And some examples of reward nonzero-sum properties are:

// What is the sum of the individual expected costs of the players p1 and p2
// over the first k steps when the player collaborate to minimize these costs
<<p1:p2>>max=? ( R{"c1"}[ C<=k ] + R{"c2"}[ C<=k ] )

// Can the players guarantee the sum of the individual rewards at
// steps 8 for player 1 and step 10 for player 2 is at least 4.5
<<p1:p2>> >=4.5 ( R{"r1"}[ I=8 ] + R{"r2"}[ I=10 ] )

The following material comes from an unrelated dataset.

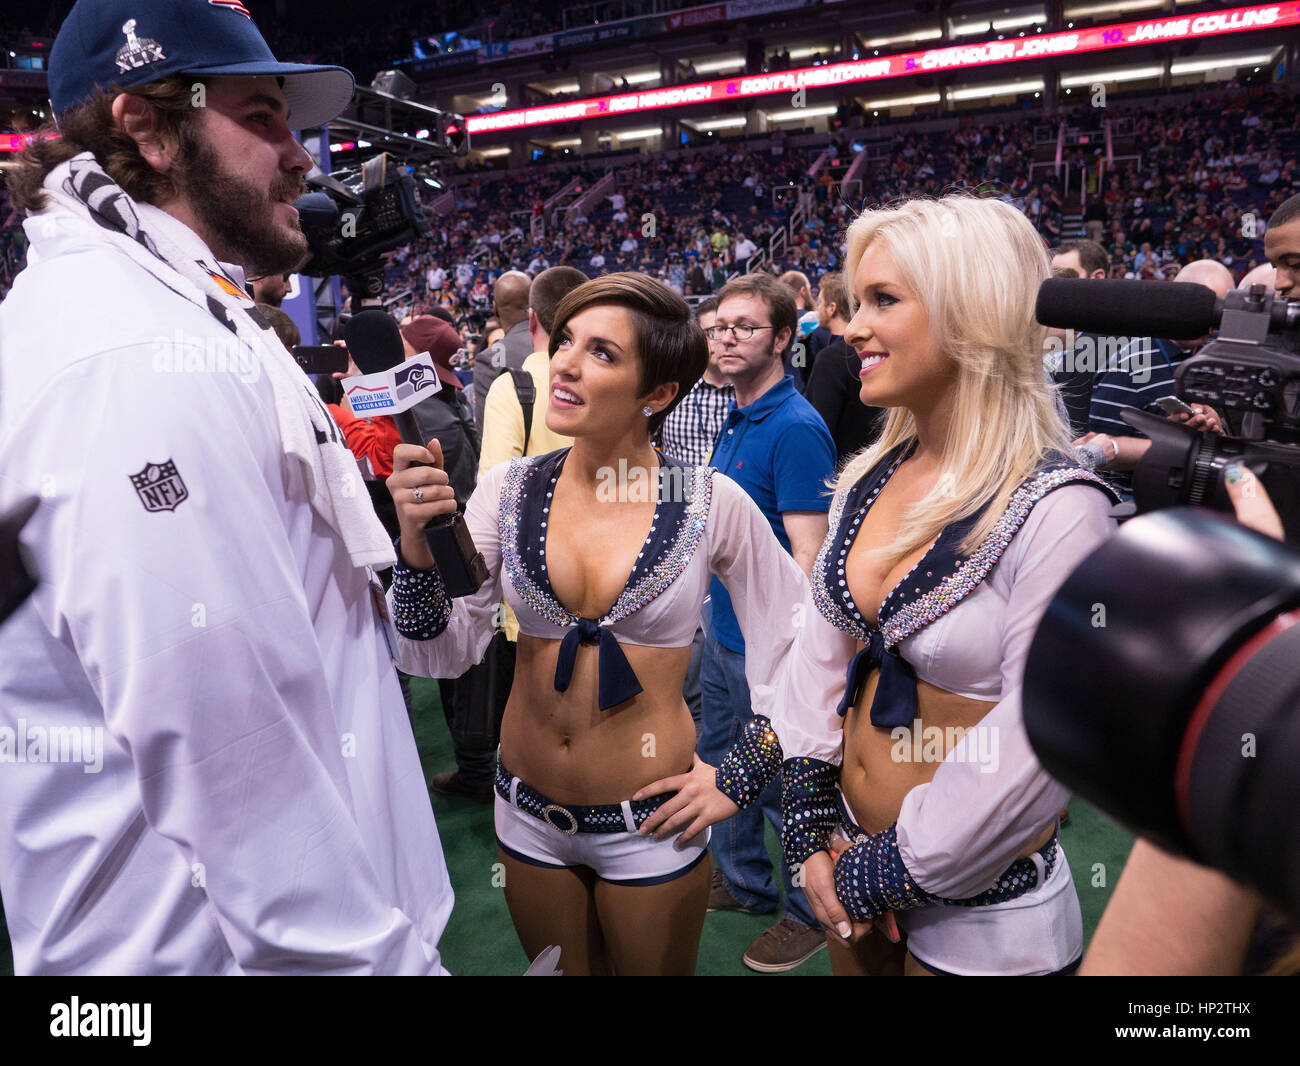 Patriots Danny Aiken, left, is interviewed by Seattle Seahawks cheerleaders on Super Bowl Media Day on January 27, 2015 in Phoenix, Arizona. Photo by Francis Specker Stock Photo

// What is the maximum sum of the expected time of player 1 eventually sending its packet
// and the expected time for the coalition of players two and three to send their packets
<<p1:p2,p3>>min=? ( R{"time"}[F "sent1" ] + R{"time"}[F "sent2" & "sent3" ] )

// What is the minimum sum of the expected cost of player 1 eventually reaching its goal
// and the expected costs for the coalition of players two and three over the first 100 steps
<<p1:p2,p3>>min=? ( R{"c1"}[ F "goal1" ] + R{"c23"}[ C<=100 ])

Different variants of equilibria are supported. The type of equilibrium can be either Nash (the default, as in above examples) or a correlated equilibrium. The optimisation criterion can be either social welfare (the default, as in above examples) or social fairness, which minimises the difference between coalitions' objectives, rather than maximising the sum. For details, see [KNPS22]. These are specified as in the following examples.

// Social welfare Nash equilibrium
<<p1:p2>>{nash,social}max=?(R{"r1"}[F s] + R{"r2"}[F s]);

// Social welfare Nash equilibrium
<<p1:p2>>{nash,fair}max=?(R{"r1"}[F s] + R{"r2"}[F s]);

// Social welfare correlated equilibrium
<<p1:p2>>{corr,social}max=?(R{"r1"}[F s] + R{"r2"}[F s]);

// Social fairness correlated equilibrium
<<p1:p2>>{corr,fair}max=?(R{"r1"}[F s] + R{"r2"}[F s]);